Hola buen día para ver los archivos Djvu, instalas el siguiente programa: http://djvu.sourceforge.net

También este te puede servir:

http://windjview.sourceforge.net

alex2040r has pensado en replicar una Phonic son bastantes sencillas de armar, incluso el panel de la Powerpod es excelente para una mini consola.

MK.


----------



## Alex2040bR (Mar 8, 2016)

locodelafonola dijo:


> bueno ., che el archivo esta en un programa que tiene extencion .Djvu., que no tengo idea que programa es ., pero te baje las imagenes y te las comprimi .RAR ., aparte tiene razon en lo que te dice FOGO



No se pueden agrandar bien, pero están mucho mejores que las que subí 
Al menos ya tengo una idea de cómo está compuesta  muchas gracias 



Fogonazo dijo:


> https://www.forosdeelectronica.com/...cador-triple-tono-micro-linea-mezclada-10142/



     Creo que aunque hace poco que he regresado, ya me conoces lo suficiente 

Me has ganado, al leer :estudiando: el hilo completo  ya estoy casi convencido.

_Las preguntas son:_

¿El propuesto por la página colombiana no funciona, al igual que el pre que había copiado yo?

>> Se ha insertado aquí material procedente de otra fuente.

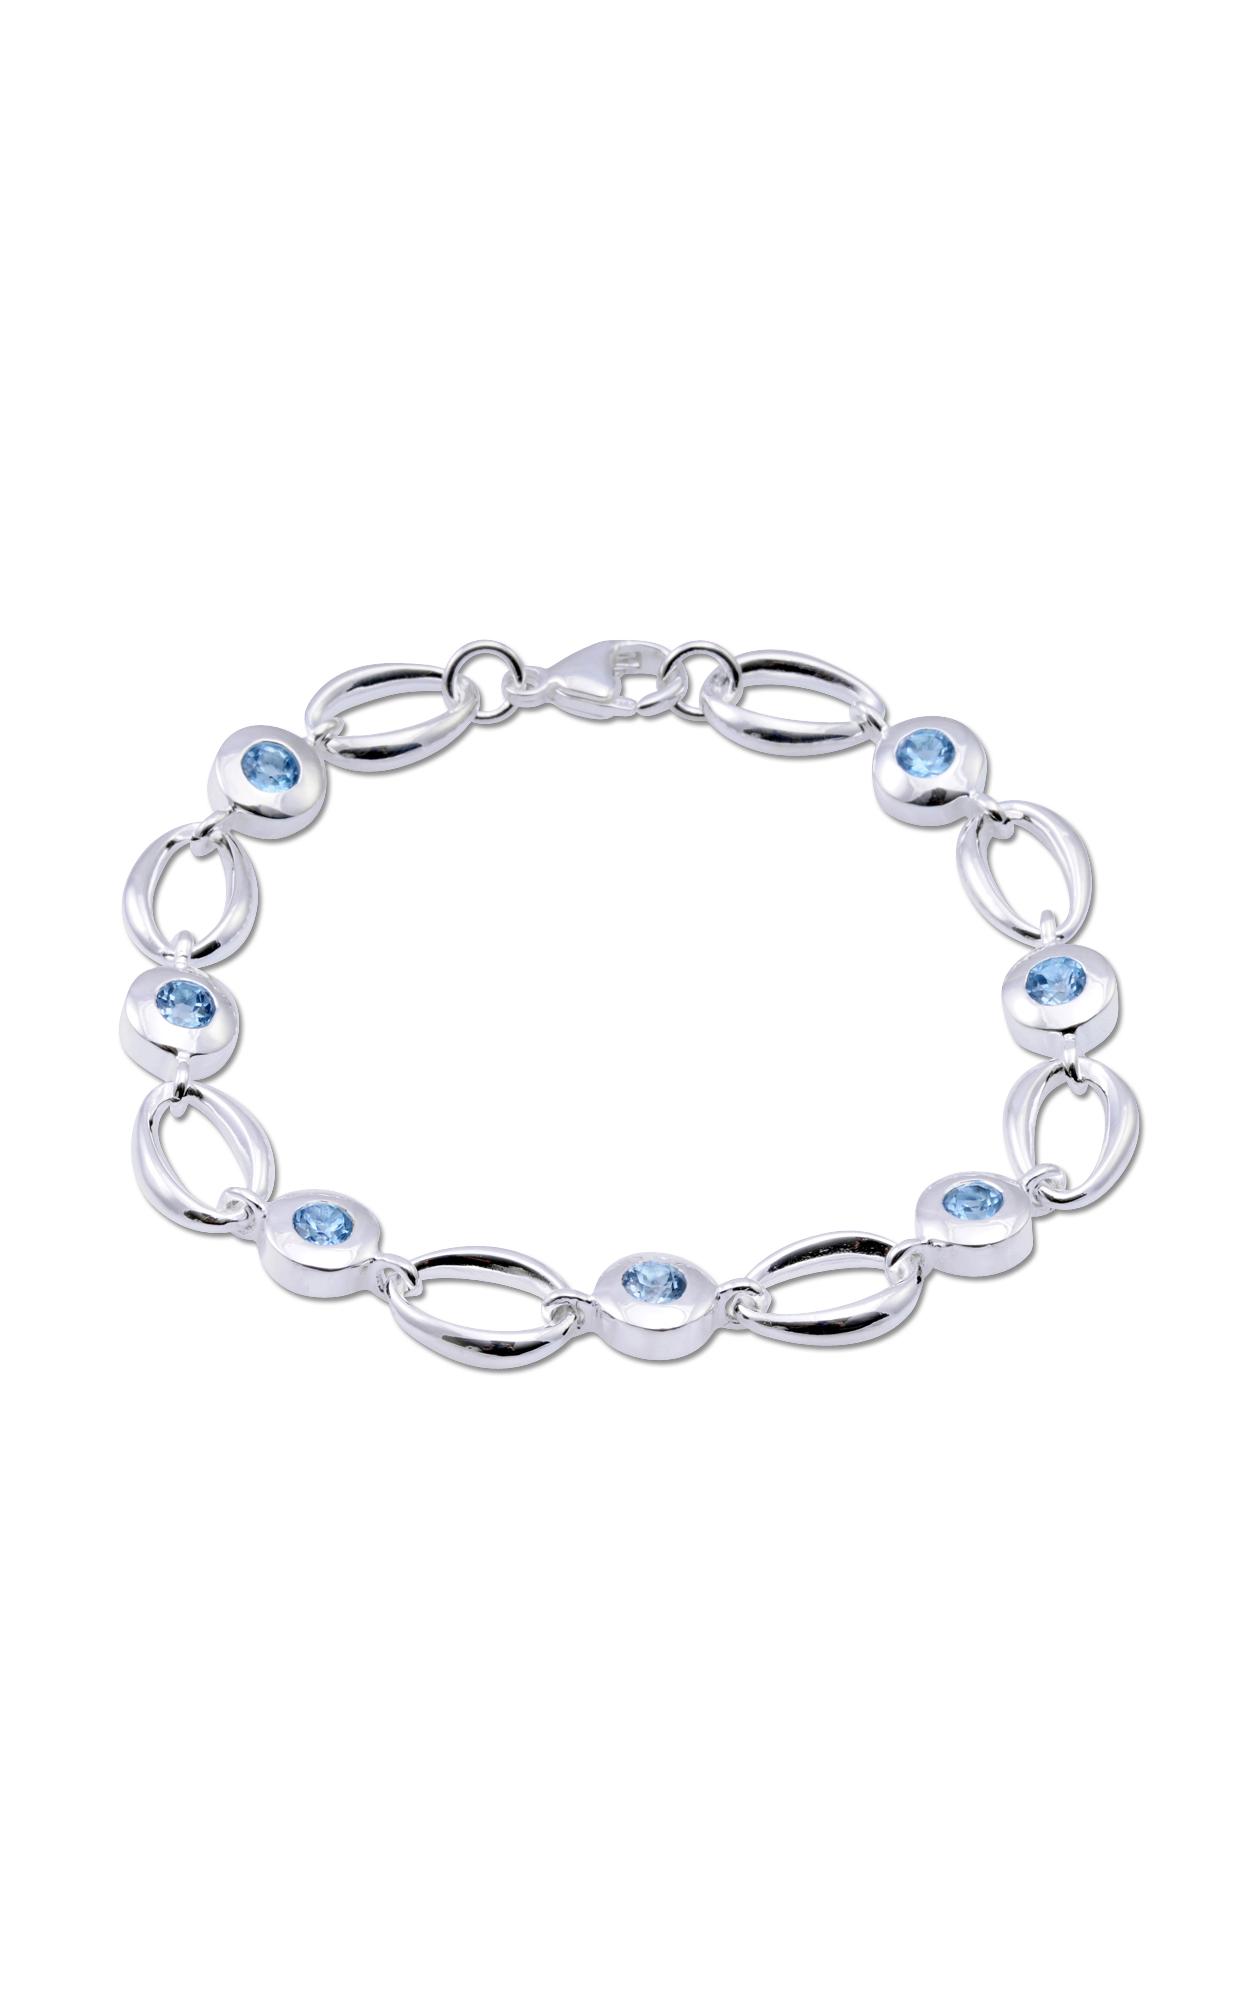 Zina Contemporary Bracelet A325-7-BT product image

¿Me baso únicamente en el aporte de *tupolev* de la página 1? https://www.forosdeelectronica.com/attachment.php?attachmentid=3809&d=1191918414
Es que hay muchas versiones un poco distintas...
Leí que muchos la modificaban y luego tenían problemas  por la transferencia no hay cuidado, 
sé que debe verse tal cual como se vería a tras luz el cobre. Y por el tamaño veré cuánto hay que modificar...
También que hay que agregar unas resistencias en caso de cambiar los OP.

¿Qué modificación le debería hacer a la entrada de mic, para conectar directo el XLR?
Esa es la gracia de hacer un nuevo circuito, para no-balanceado tengo el otro 

Saludos


----------



## Alex2040bR (Mar 10, 2016)

Hola gente, he vuelto con circuitos varios. Me gustaría que me orientaran a ver cual funcionaría mejor para el propósito que necesito.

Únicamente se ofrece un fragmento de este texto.